*DATA SECTION*
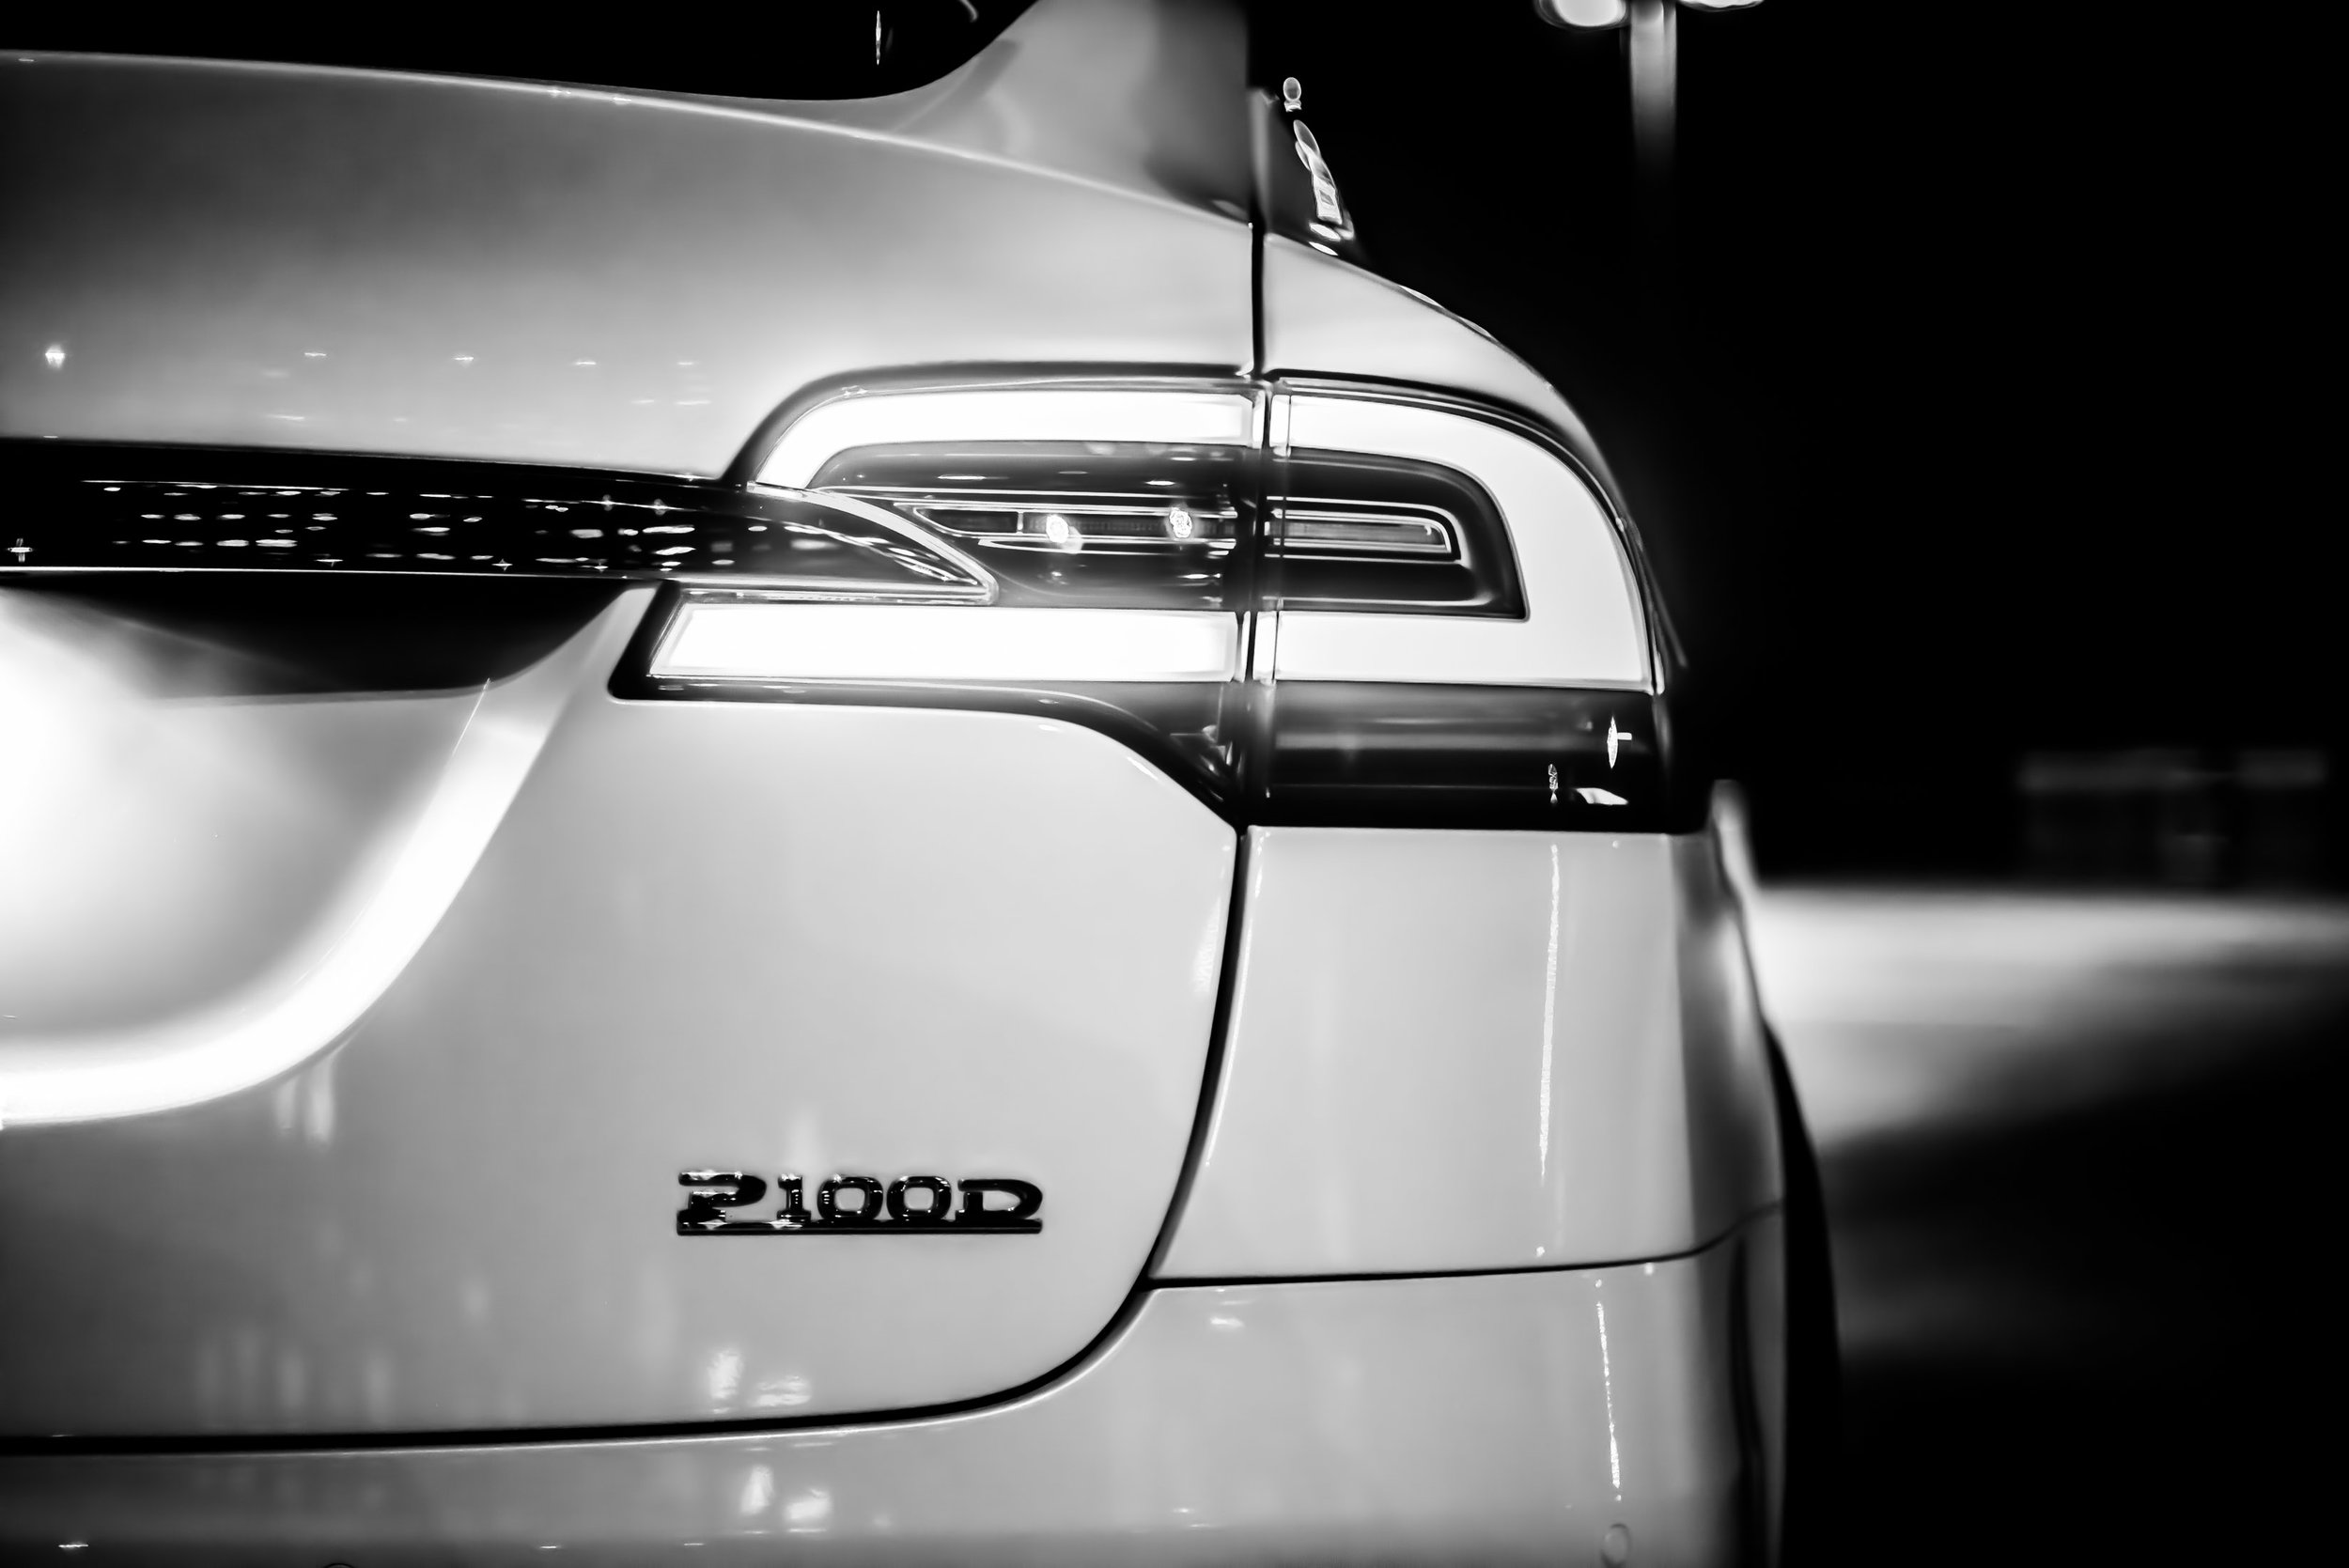 fleet+vehicle+sexy+car+photo+video+speed+tesla+p100d+vadym+guliuk+photography-16.jpg
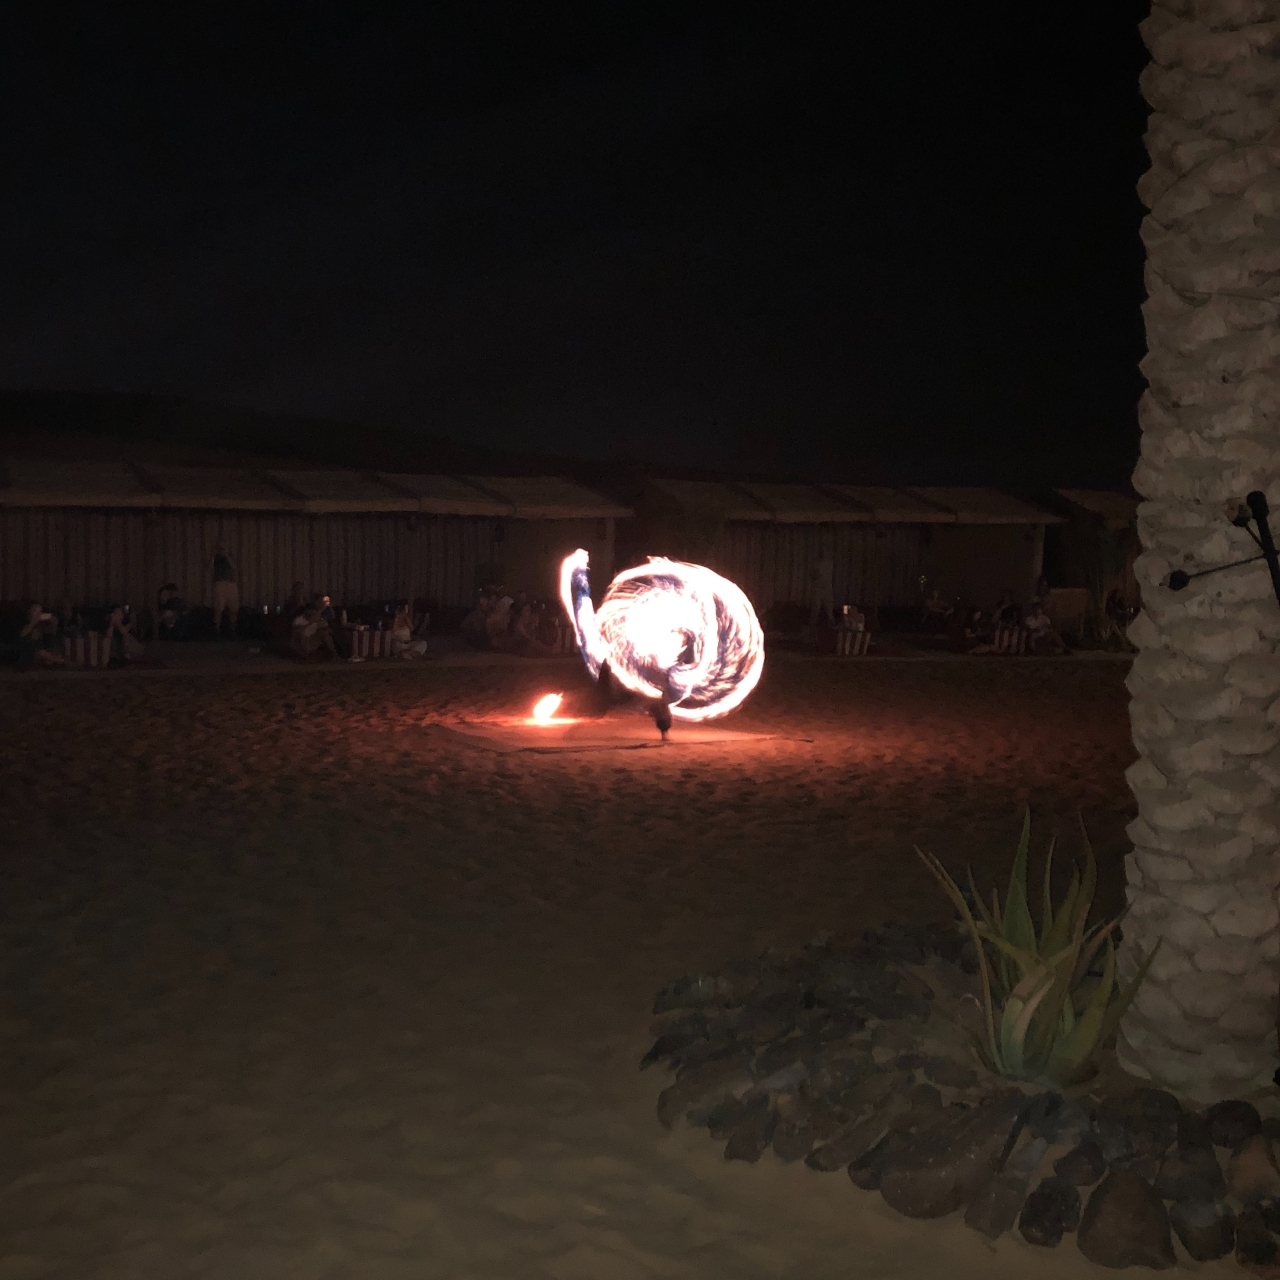 Fire dancer Dubai desert
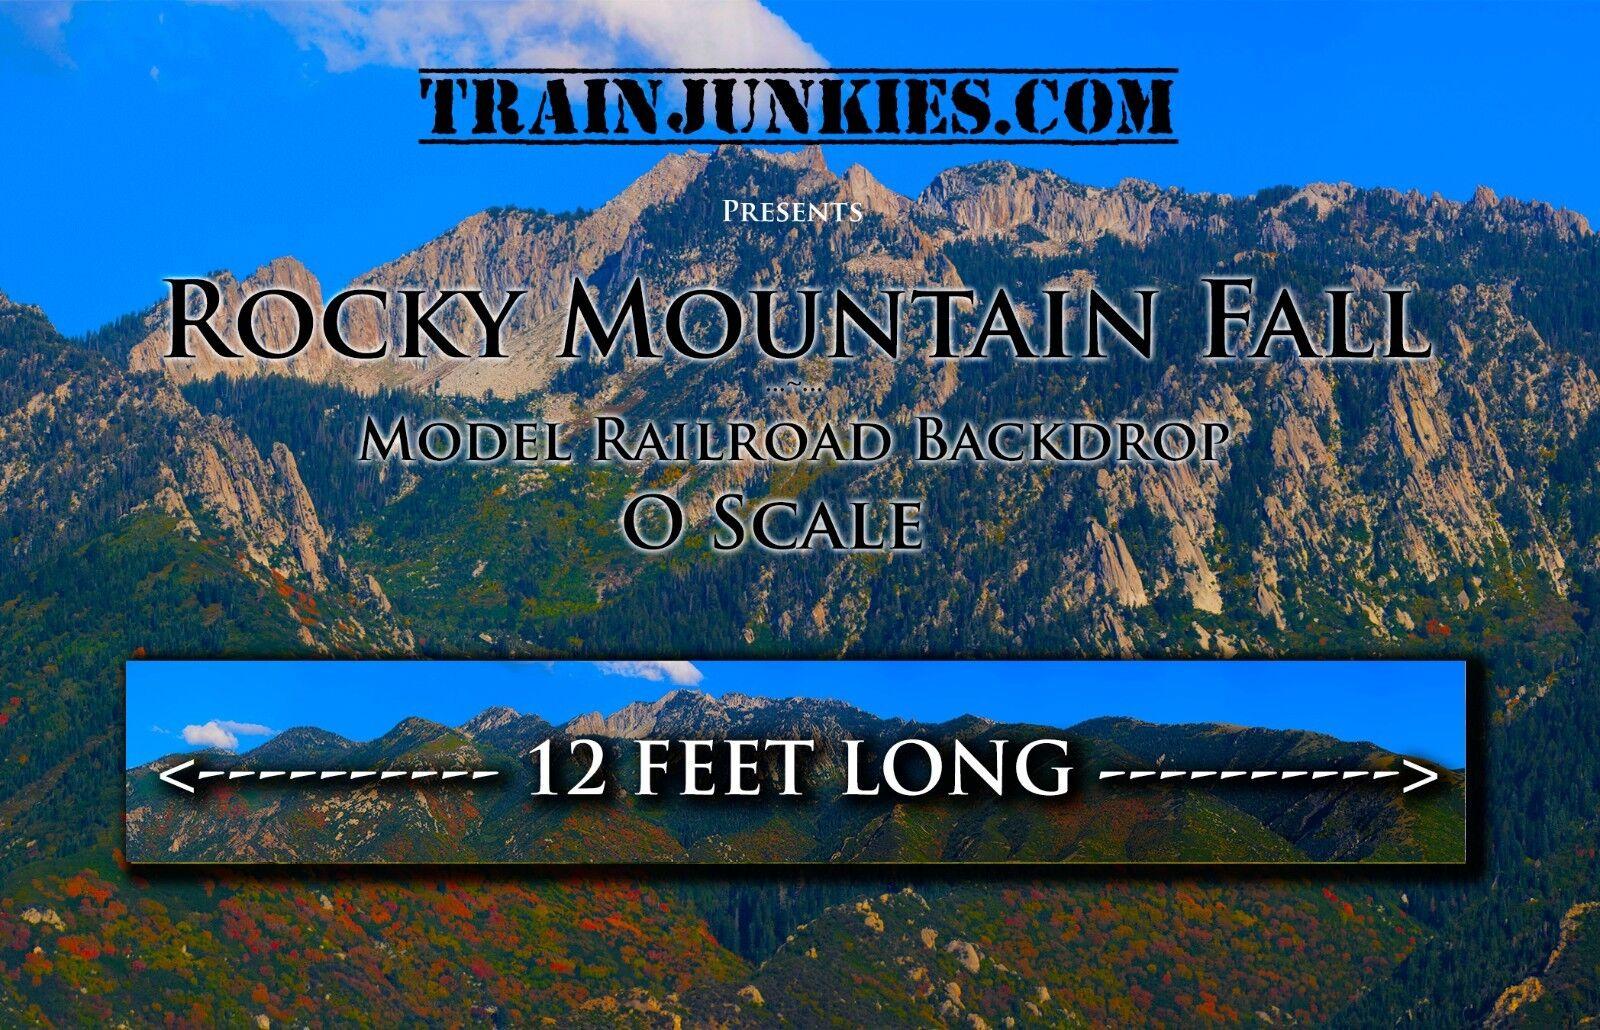 TrainJunkies O Scale Rocky Mountain Ftutti modellolo Railstrada Backdrop 24x144

*EXERCISE DETAILS*
Return the data above in its exact wording, with none of the pictures.

*RESULT*
 fleet+vehicle+sexy+car+photo+video+speed+tesla+p100d+vadym+guliuk+photography-16.jpg
 Fire dancer Dubai desert
 TrainJunkies O Scale Rocky Mountain Ftutti modellolo Railstrada Backdrop 24x144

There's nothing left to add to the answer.